Si il est difficile de ne pas faire état de la défaite allemande à Stalingrad ou de la prise de Berlin par les Soviétiques que d’omissions, que de non- dits ! Depuis la première grande défaite infligée à l’armée allemande devant Moscou en 1941 qui démontre au monde entier qu’elle peut être vaincue, depuis la bataille de Koursk pendant l’été 1943, et l’avancée de 300 à 600 kilomètres réalisée au printemps et l’été 1944 sur tout le front qui libère les territoires soviétiques mais aussi la Roumanie, la Bulgarie, une partie de la Yougoslavie et de la Pologne. Action qui explique qu’Hitler ne peut retirer du front Est un seul soldat, pour l’envoyer à l’Ouest ce qui facilitera grandement l’avancée des troupes débarquées le 6 juin en Normandie et pas avant. On comprend pourquoi.

Dire cela ne fait que remettre la vérité historique à sa place.

La libération d’Auschwitz

Le 70ème anniversaire de la libération de ce camp de la mort par l’armée Soviétique vient d’être commémoré. Comme F. Hollande y a participé sur place FR 2 a retransmis en direct la cérémonie et a consacré plusieurs heures d’émission sur le génocide des populations juives des territoires occupés par les nazis.

Mais cette volonté de présenter le régime nazi comme avant tout antisémite et raciste, masque le fondement de ce régime. C’est d’abord et avant tout le régime du capitalisme allemand qui l’a porté au pouvoir pour faire barrage au socialisme. L’écrasement de la Révolution en Allemagne au cours de l’hiver 1918-19 n’a pas fait disparaître le conflit de classe qui traverse l’Europe au sortir de la guerre. Capitalisme où socialisme traverse la vie politique. En Allemagne ou la force du Parti Communiste inquiète le grand patronat, Hitler va lui apparaître comme la solution. Pour la conquête de nouveaux marchés et territoires, pour les profits tirés du réarmement et de la guerre. Hitler le lui rend bien. Dès son arrivée au pouvoir le Parti Communiste, les syndicats sont interdits, les communistes jetés dans les camps de concentration dans lesquels ils seront rejoints par les sociaux- démocrates, puis par tous ceux qui s’opposent au régime. La chasse aux communistes, leur élimination est la priorité dans tous les territoires occupés.
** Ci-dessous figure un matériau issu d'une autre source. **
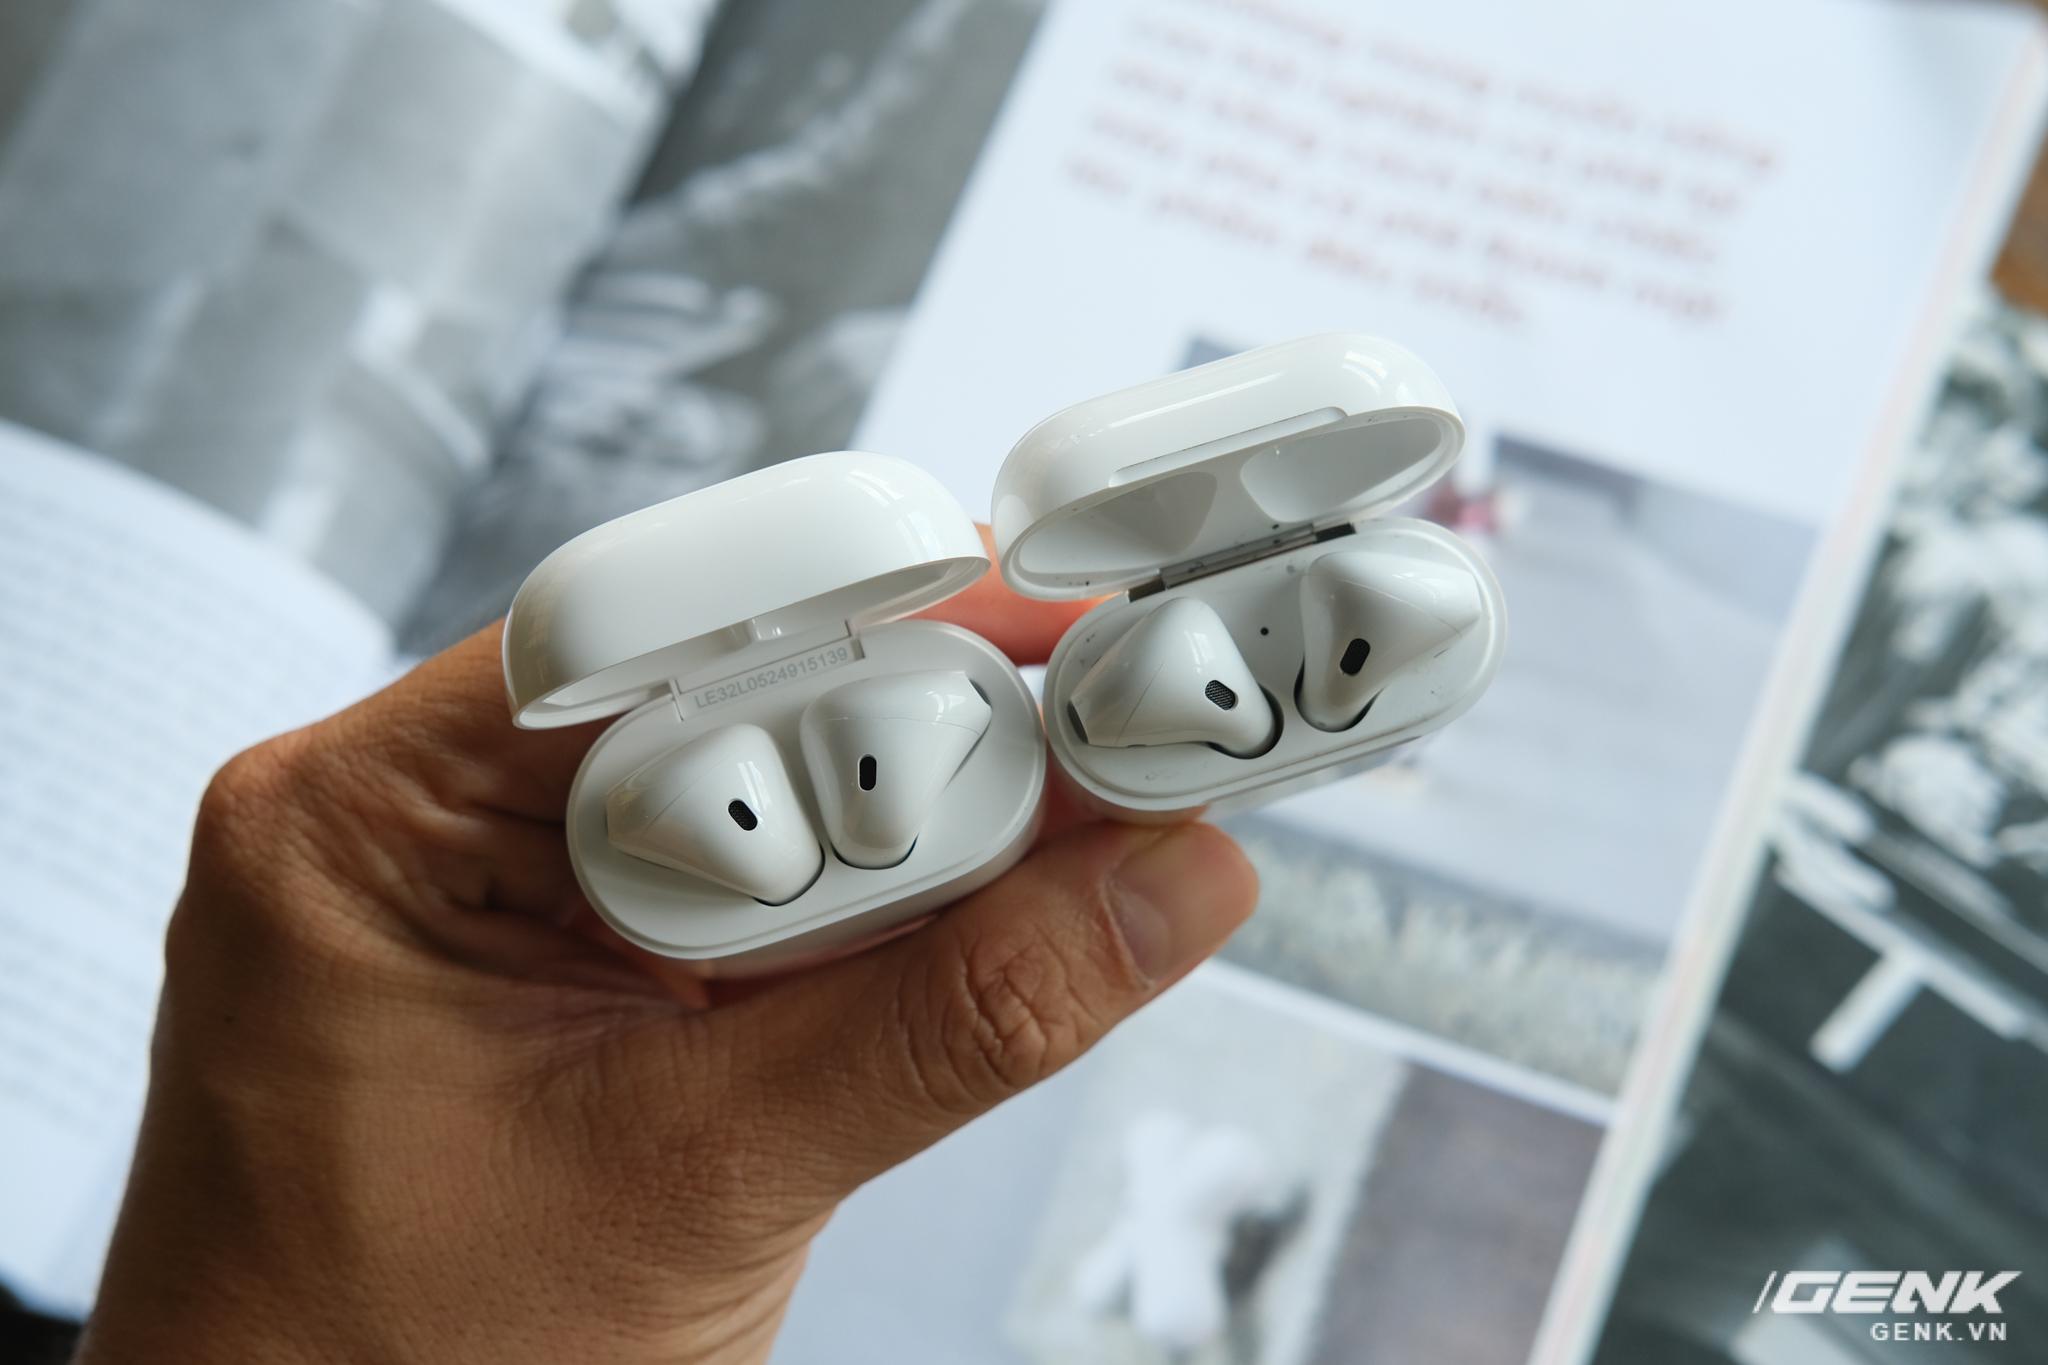 Trên tay tai nghe không dây Realme Buds Air Neo: Thoạt nhìn tưởng AirPods, có điều giá chưa đến 2 triệu đồng - Ảnh 10.

L’autre aspect passé sous silence est l’utilisation de tous les déportés comme main d’œuvre au service du patronat allemand. Dans tous les camps la sélection à l’arrivée existe. Les inaptes au travail sont éliminés immédiatement. Tous les autres sont mis au travail dans les usines montées dans les camps, y compris à Auschwitz, par le patronat allemand qui va augmenter encore plus ses profits.

Lors des procès après la guerre ces mêmes patrons vont échapper au châtiment pour le soutien et le profit qu’ils ont tiré du régime nazi. Après quelques mois de prison ils vont retrouver leurs usines, continuer ce qu’ils avaient commencé, la lutte contre le communisme.

Ces silences, ces non-dits dans ces émissions à caractère faussement historique font partie, comme le reste, d’une véritable guerre idéologique menée par l’Etat au service du capital. Le service public de l’audio-visuel ne sera au service du public qu’une fois débarrasser de la tutelle de l’Etat capitaliste.